* Directions for this task:
Copy out the whole listing exactly as written, leaving the pictures behind.
** Data block follows **
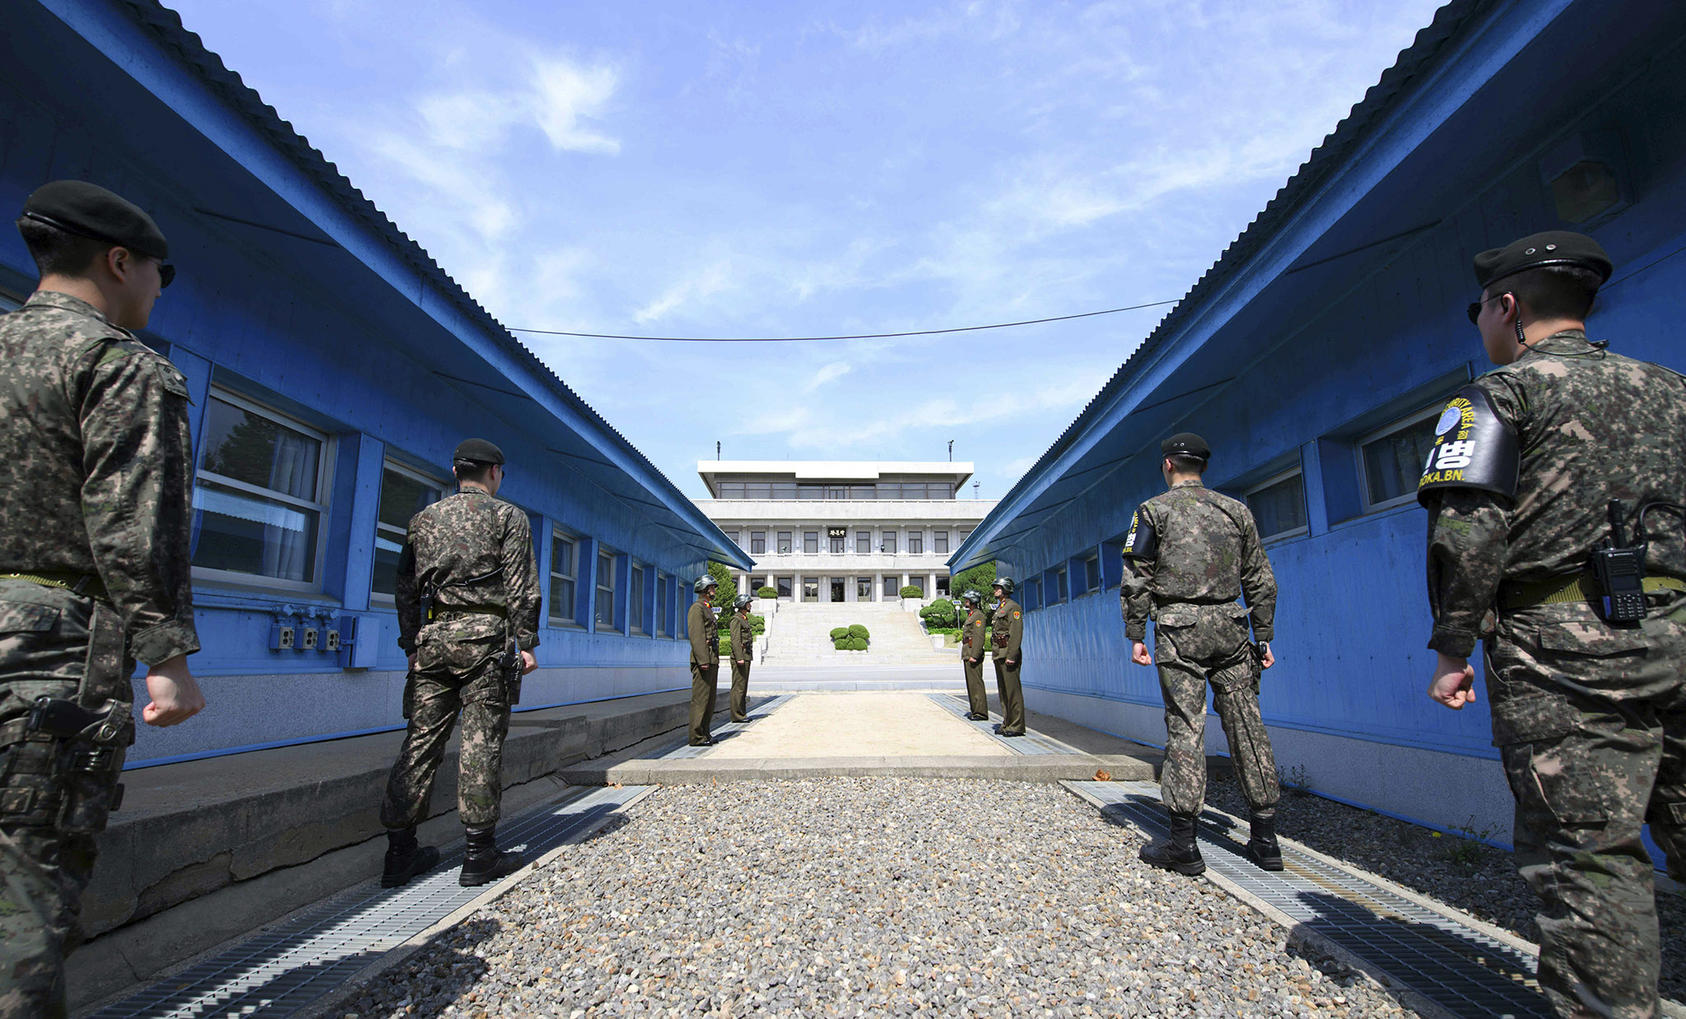 South Korean soldiers, front, and North Korean soldiers, rear, stand guard on either side of the Military Demarcation Line of the Demilitarized Zone dividing the two nations. (Korea Summit Press Pool via New York Times)
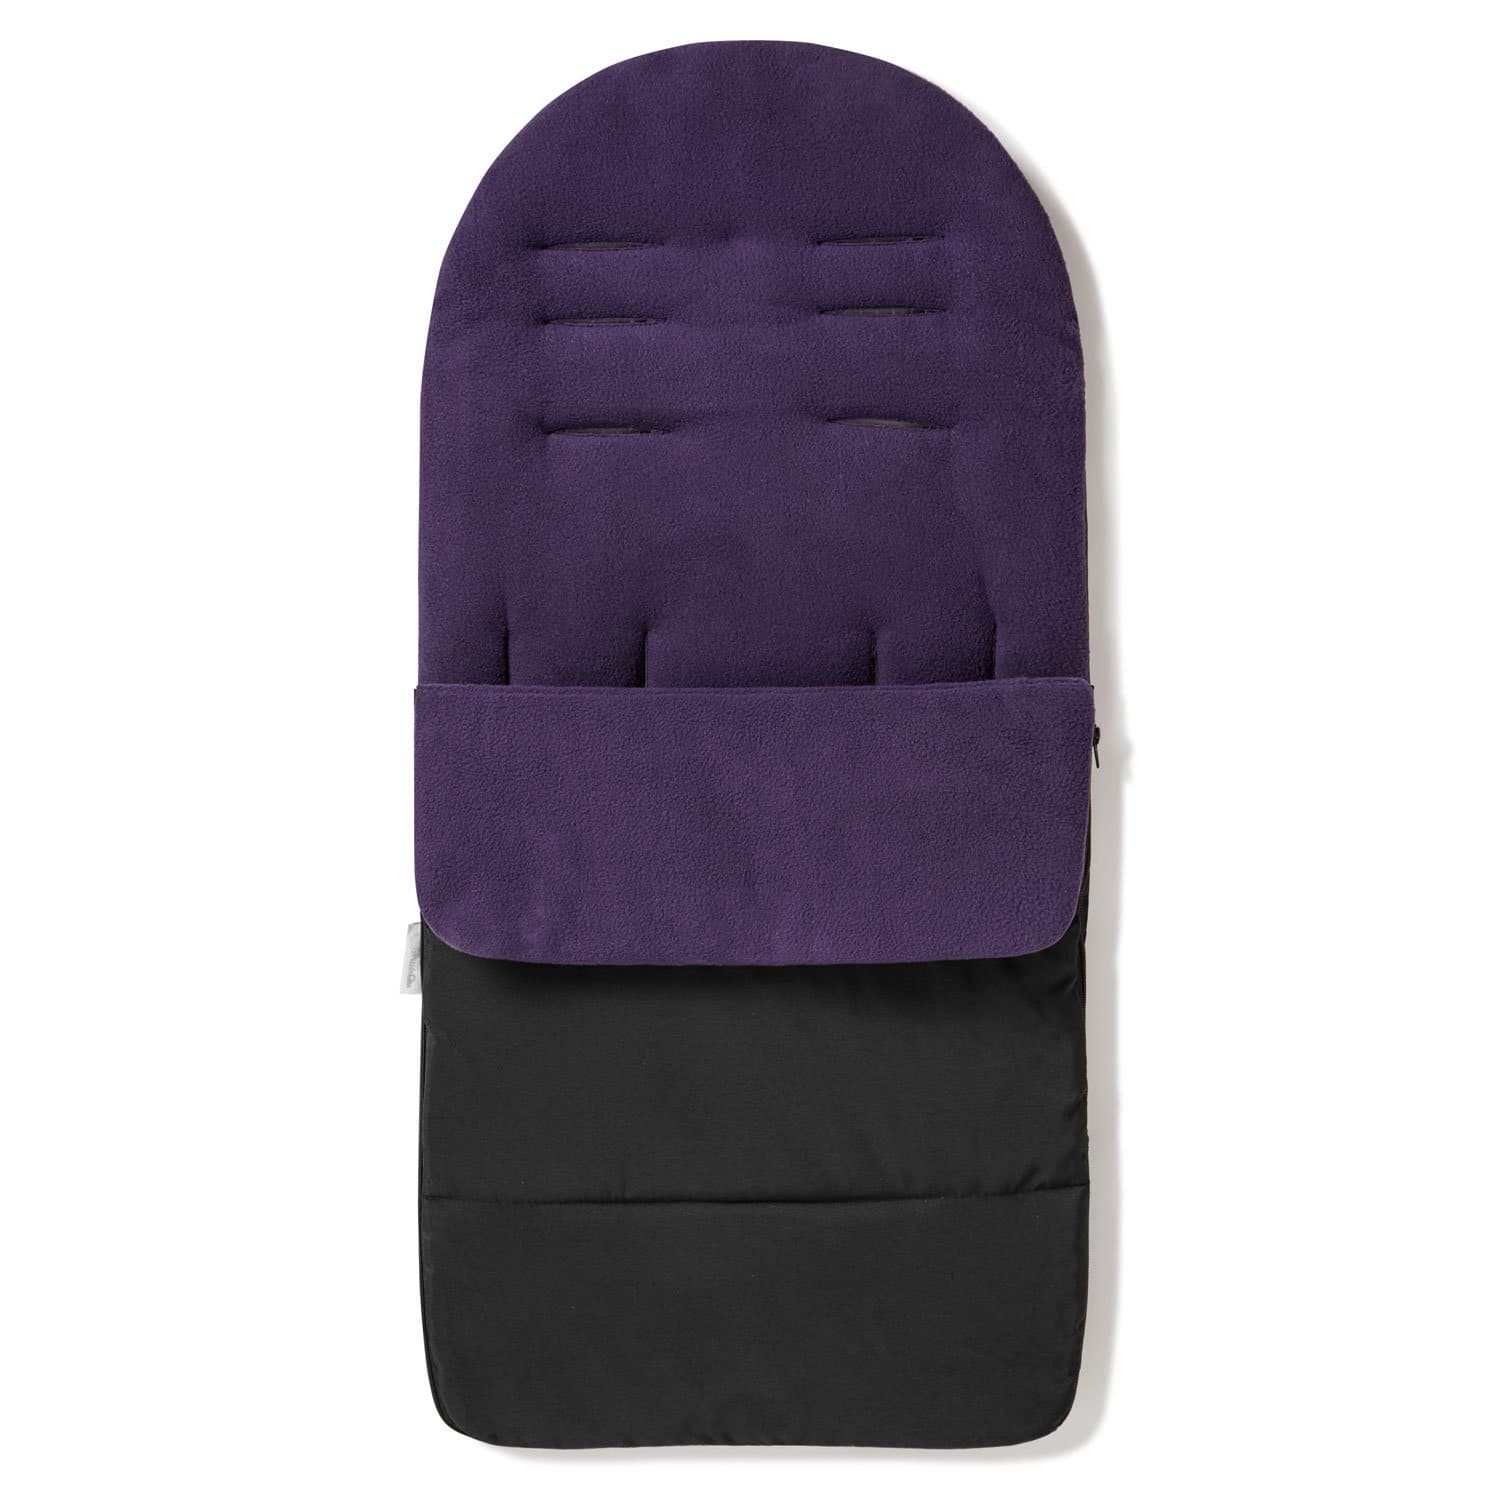 Premium Footmuff / Cosy Toes Compatible with BabiesRus - Plum Purple / Fits All Models | For Your Little One
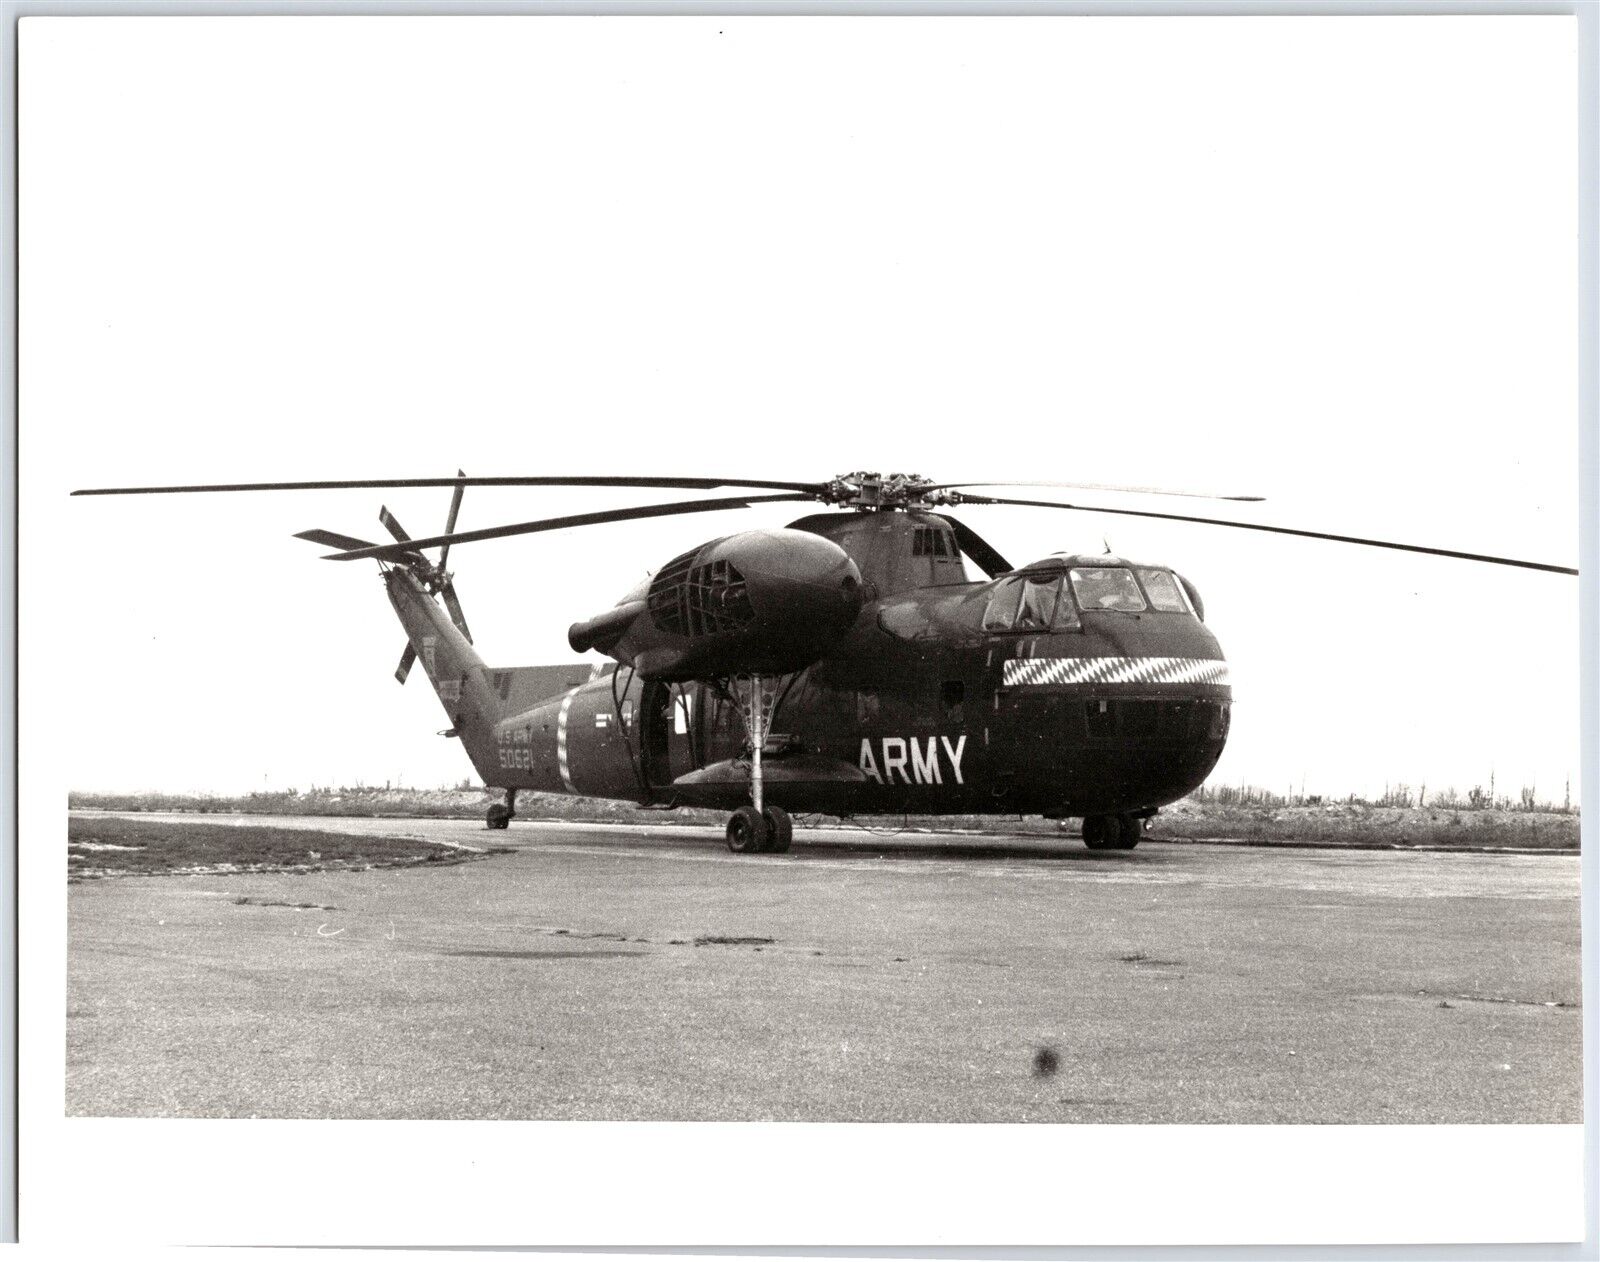 US Army CH-37 Mojave Sikorsky S-56 Military Helicopter Photo B&W 8x10 A2
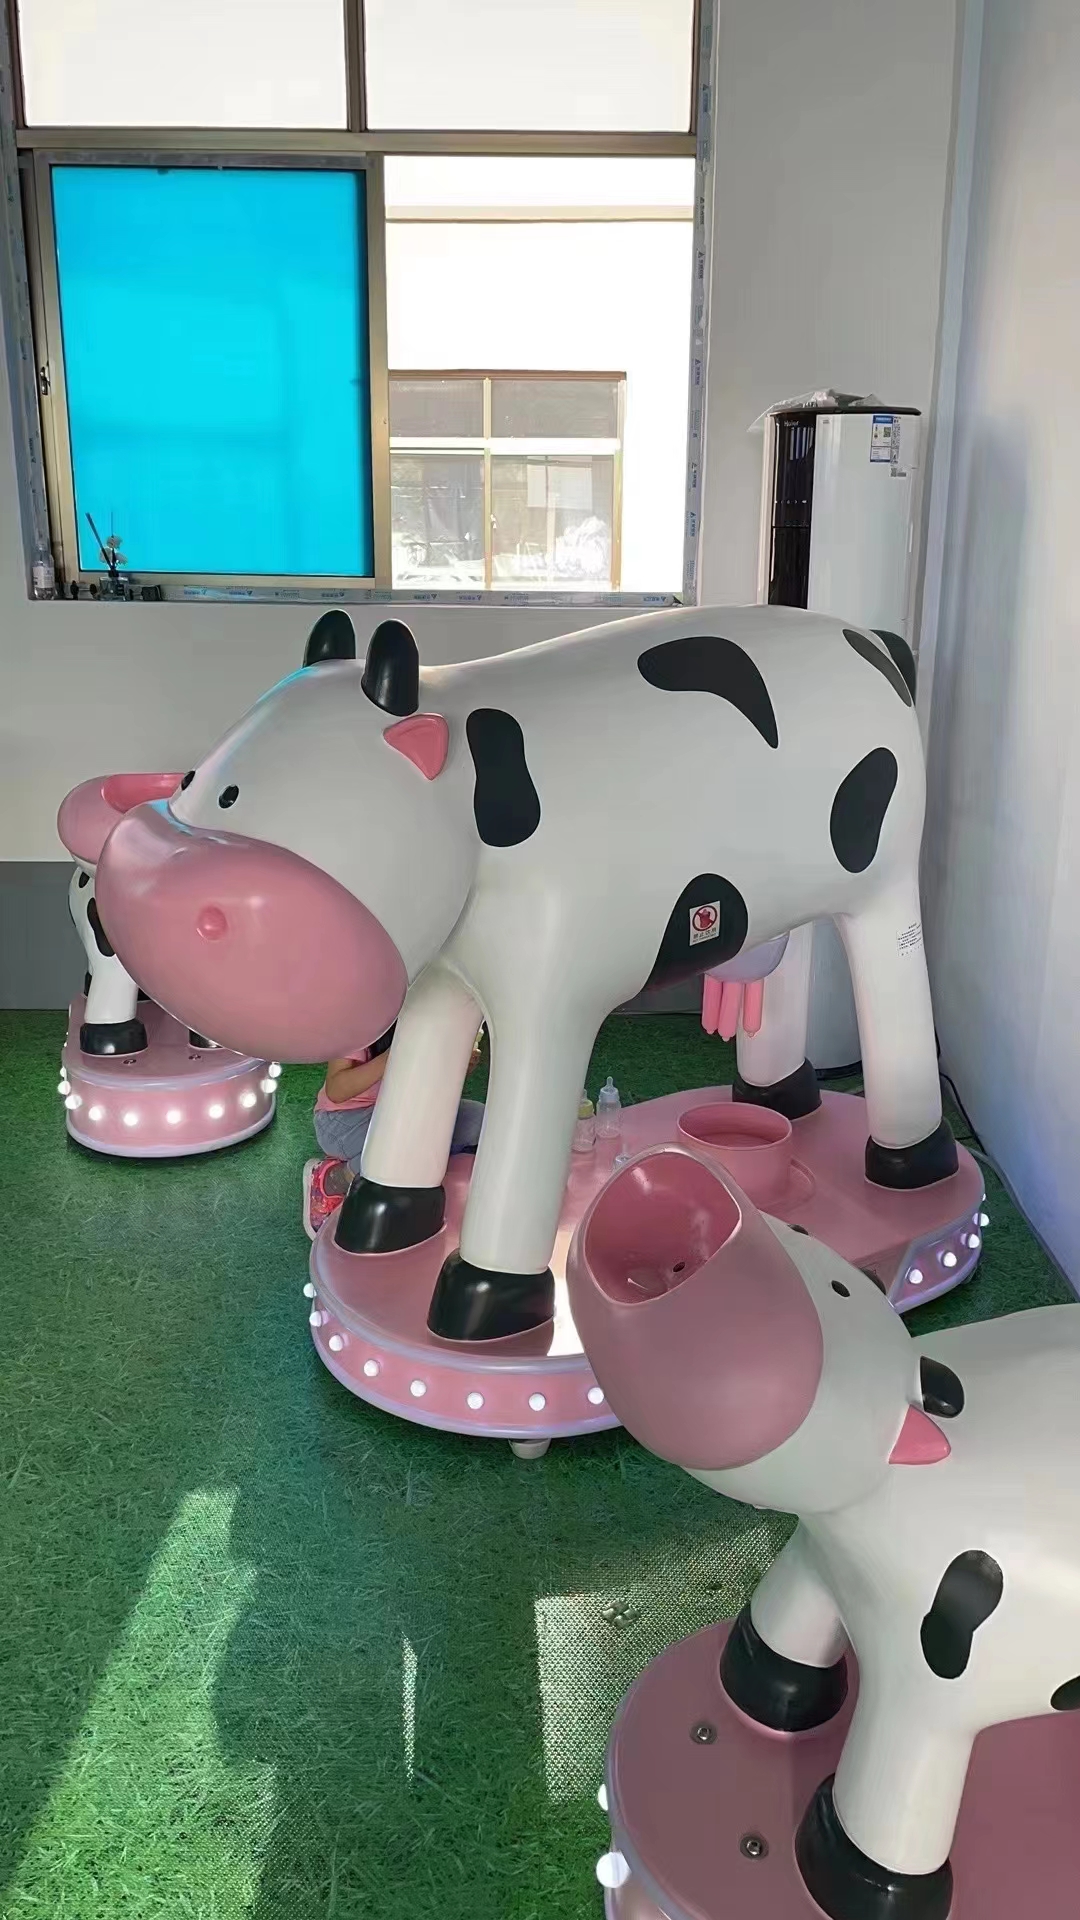 Bettaplay Indoor Playground Kids Interactive Game Cow Role Play Farm Softplay Kids Playground for Kindergarten
** End of Data block **
* Answer to the problem:
 South Korean soldiers, front, and North Korean soldiers, rear, stand guard on either side of the Military Demarcation Line of the Demilitarized Zone dividing the two nations. (Korea Summit Press Pool via New York Times)
 Premium Footmuff / Cosy Toes Compatible with BabiesRus - Plum Purple / Fits All Models | For Your Little One
 US Army CH-37 Mojave Sikorsky S-56 Military Helicopter Photo B&W 8x10 A2
 Bettaplay Indoor Playground Kids Interactive Game Cow Role Play Farm Softplay Kids Playground for Kindergarten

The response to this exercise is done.